На секунду закрыла глаза, и хотелось исчезнуть. Там, внутри, всё снова закручивалось – та же тяжесть, что и в ту ночь. Как будто должна, обязана, не имею права на отказ.
Но вслух я произнесла:
– Мне пора. Пациенты.
– Конечно. – Он отрезал, как ножом. – Работа важнее. Как всегда.
Связь оборвалась. Я убрала телефон в карман и стояла с закрытыми глазами ещё пару секунд.
Вдох.
Выдох.
Так тяжело, будто весь воздух в лёгких зацементирован.
Как же мне всё это уже надоело…
Но в коридоре скрипнула дверь, и медсестра помахала мне из палаты:
– Бриэль, мы готовы!
Я встряхнула головой, натянула улыбку. Пошла вперёд – с тем выражением, которое тренируешь перед зеркалом. Профессиональная, мягкая, уверенная.
Открыла дверь, вошла в палату.
Пациент – пожилой мужчина с повязкой на груди – посмотрел на меня с облегчением.
Я улыбнулась ему.
– Доброе утро. Как самочувствие?
Он кивнул, расслабляясь.
А я сидела рядом, будто всё было в порядке. Будто за дверью нет никого, кто ждёт, чтобы я снова стала “должной”.
Будто это моя жизнь.
И будто я ещё в неё верю.
Как только вышла из палаты и успела закрыть за собой дверь, экран телефона снова вспыхнул.
Антонио.
Второй раз за утро.
Где-то внутри у меня всё сжалось от тревоги.
Я знала: если не возьму – будет хуже.
Если возьму – не легче.
Смахнула вызов. Потом всё же нажала «перезвонить» – лучше самой, чем ждать его холодного, давящего тона.
– Да? – голос вышел тише, чем хотела. Даже покорнее.
– Наконец-то. – Его голос был гладким, как лёд. – Я уже начал думать, что мне теперь записываться к тебе через секретаря.
Телефон прижала к уху сильнее, стараясь не вздохнуть вслух.
– Я была с пациентом, Антонио. Мне правда некогда.
– А мне, значит, можно ждать? – он говорил спокойно, без крика. Но именно это пугало больше. – Я должен напоминать, кто спас твоего брата? Кто дал твоим родителям второй шанс? Или всё это забылось так быстро, как ты из дома уехала, не обернувшись?
Меня будто ударили.
Не по лицу. По позвоночнику.
Я знала, что он может быть жесток. Но всё не могла к этому привыкнуть.

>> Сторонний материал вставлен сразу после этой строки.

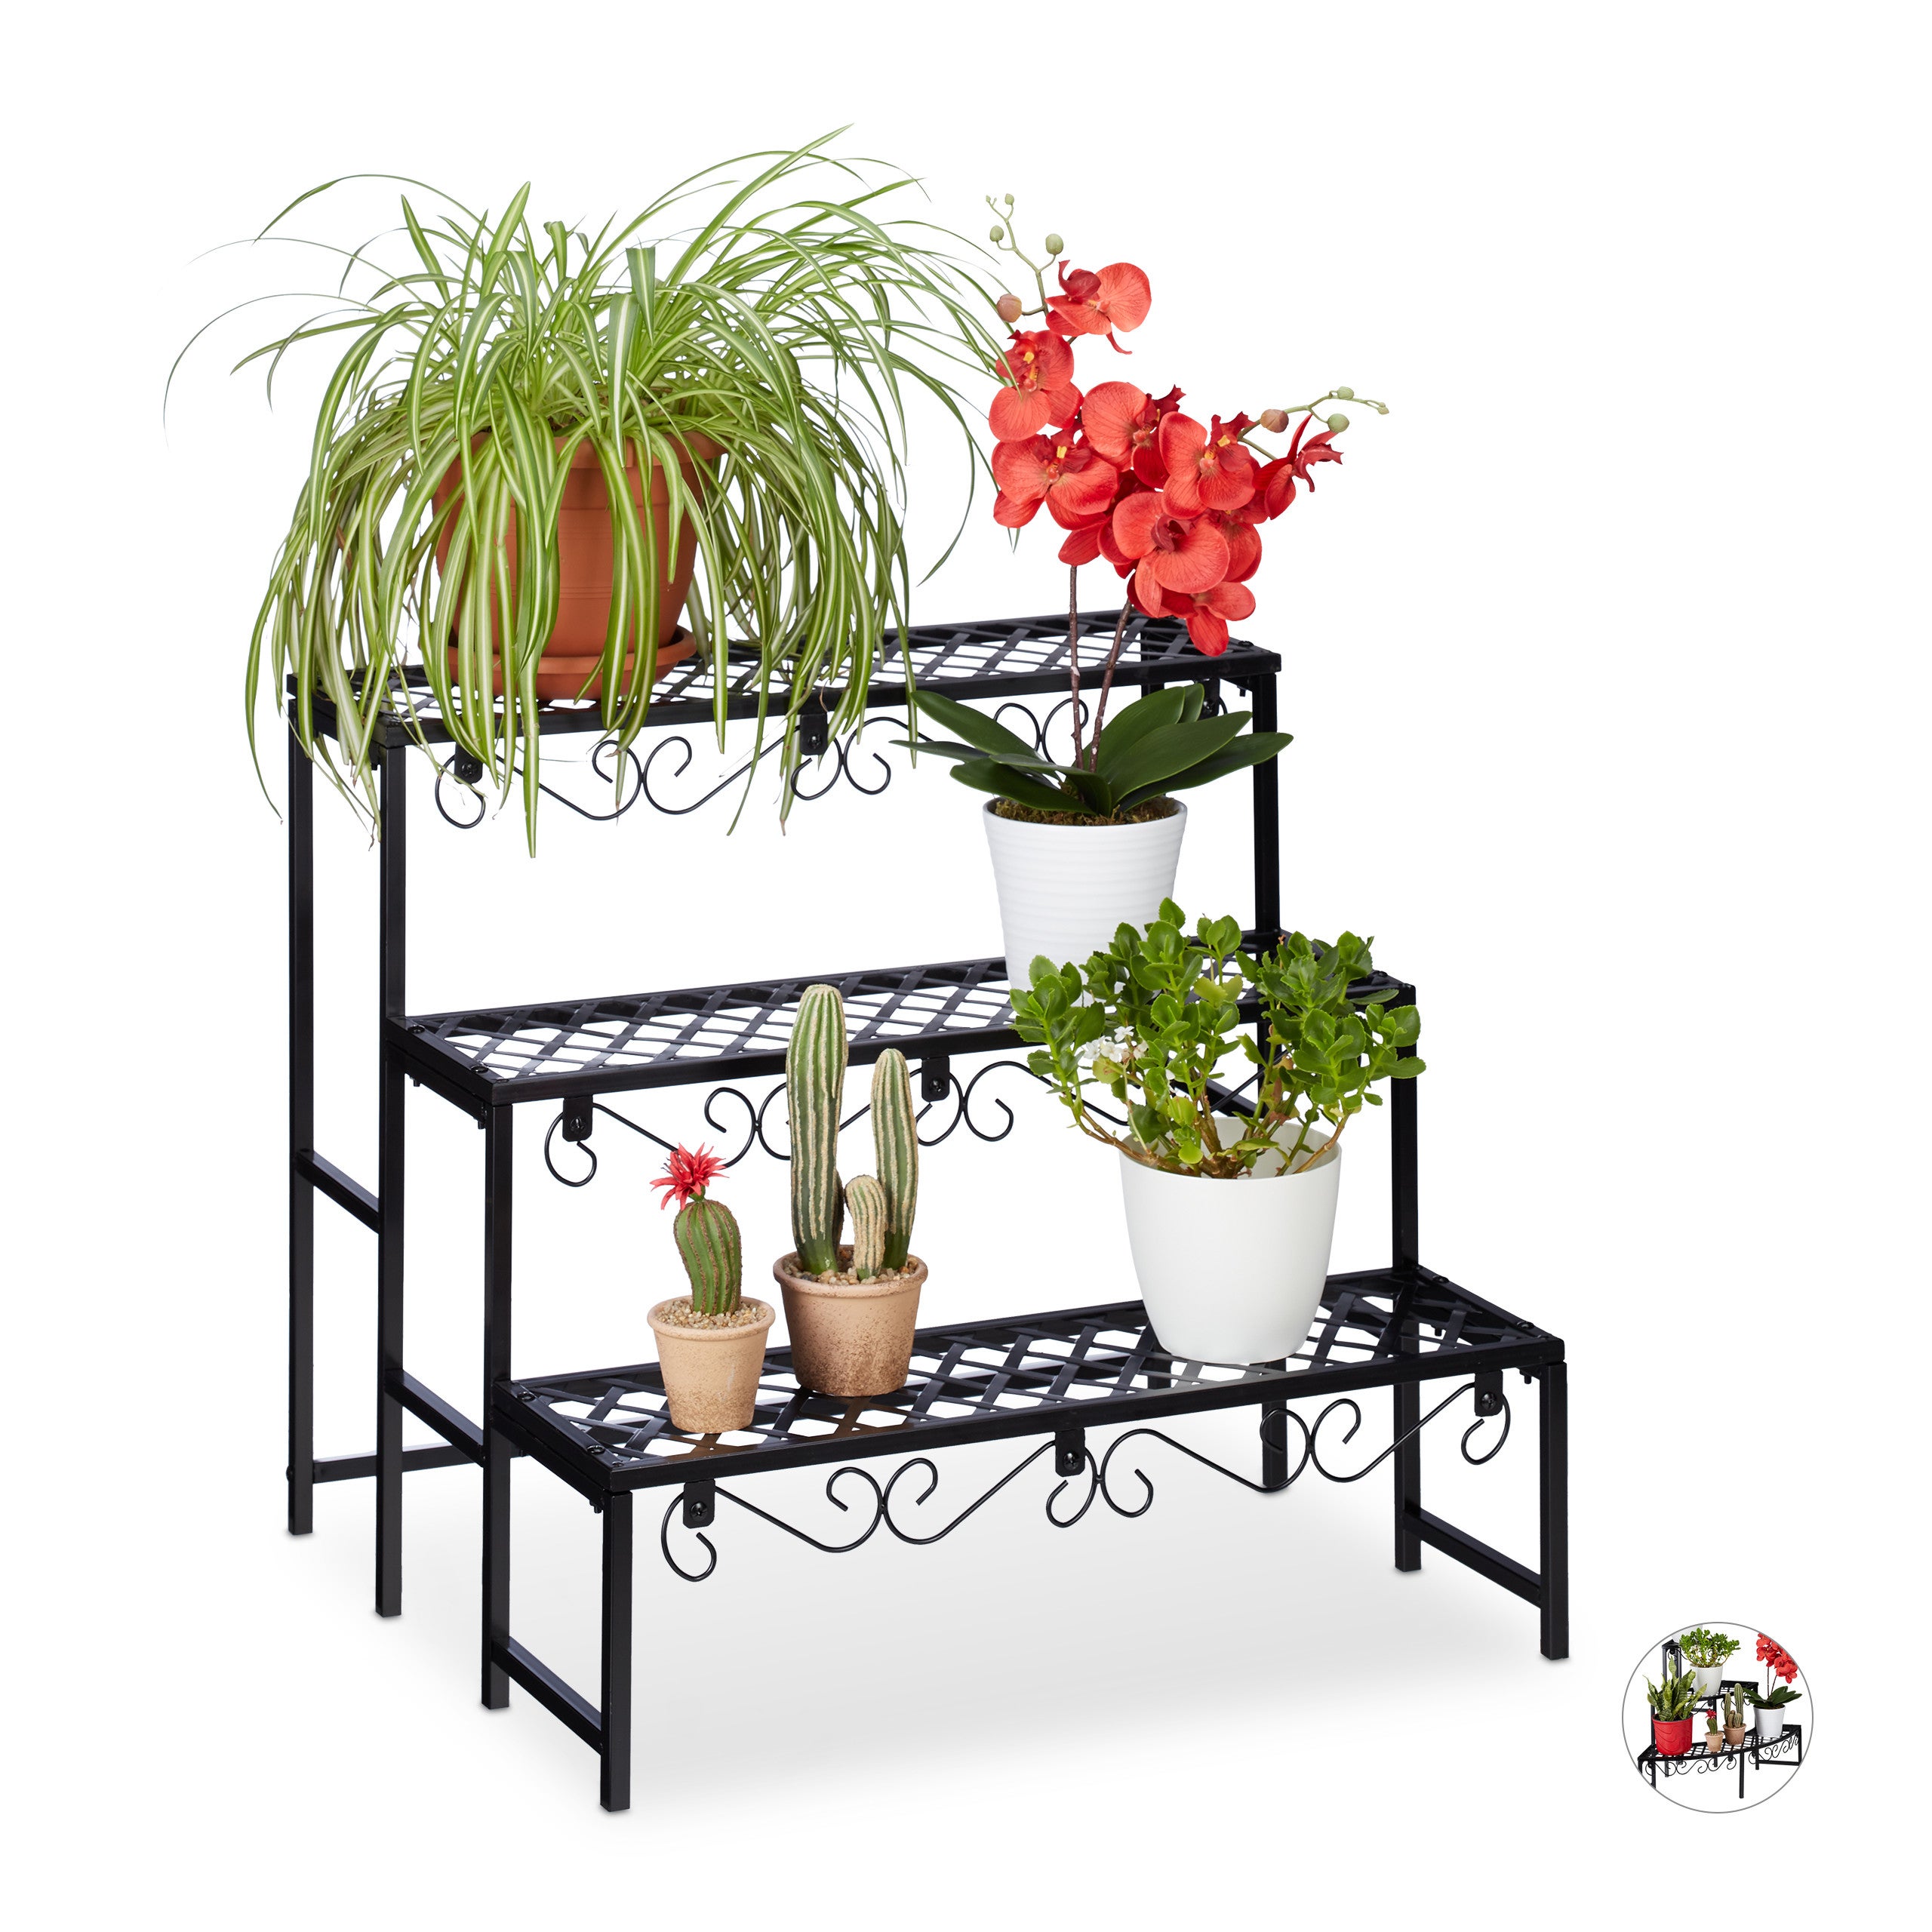 Relaxdays Étagère Fleurs métal 6 Niveaux Support Pot de Fleurs Noir Escalier pour Plantes décoration H: 140 cm

– Это… – я сглотнула. – Это нечестно.
– Жизнь, Бриэль, вообще не про честность, – перебил он. – Ты это поймёшь. Или хочешь, чтобы я тебе напомнил?
Я не ответила.
Слова в горле – как куски льда.
Мне казалось, если скажу хоть что-то, то голос предаст меня – сорвётся, дрогнет, раскроет, как мне страшно.
Он молчал пару секунд, потом сухо добавил:
– Будь дома к семи. И, пожалуйста, без своего усталого лица. Я хочу нормально провести с женой время.
Связь оборвалась.
Я стояла в пустом коридоре, как будто на меня обрушилась бетонная стена.
Мне захотелось снять кожу, сжечь телефон, исчезнуть хоть на день из этой жизни, в которую сама себя заперла.
Он спас моего брата… Он дал мне “всё”. «А что забрал?» – спросила я себя в тишине. Ответ внутри был чёткий.
Меня. Мою жизнь. Мою свободу. Мое тело.
Я выдохнула через сжатые зубы. С выученной покорностью и тонкой, жалящей ненавистью к себе за это.
– Бриэль, седьмая палата, – позвала медсестра. – Приём. Новый пациент.
Я выпрямилась. Провела ладонью по лицу.
Стерла всё: страх, усталость, злость.
Открыла дверь, шагнула внутрь – как будто ничего не было.
В палате было светло – окно распахнуто, за стеклом шелестели голоса больничного двора. Мужчина с короткой стрижкой сидел на кушетке, спиной к солнцу, и от этого его лицо было чуть затемнено, но всё равно – открытое, расслабленное. Как будто он не боялся ни врачей, ни диагнозов.
Я взглянула в анкету и подняла глаза:
– Добрый день. Энцо Торелли?
Он кивнул, чуть улыбнувшись.
– Точно. Приятно познакомиться.
Я сдержанно кивнула и подошла ближе, раскрыв планшет.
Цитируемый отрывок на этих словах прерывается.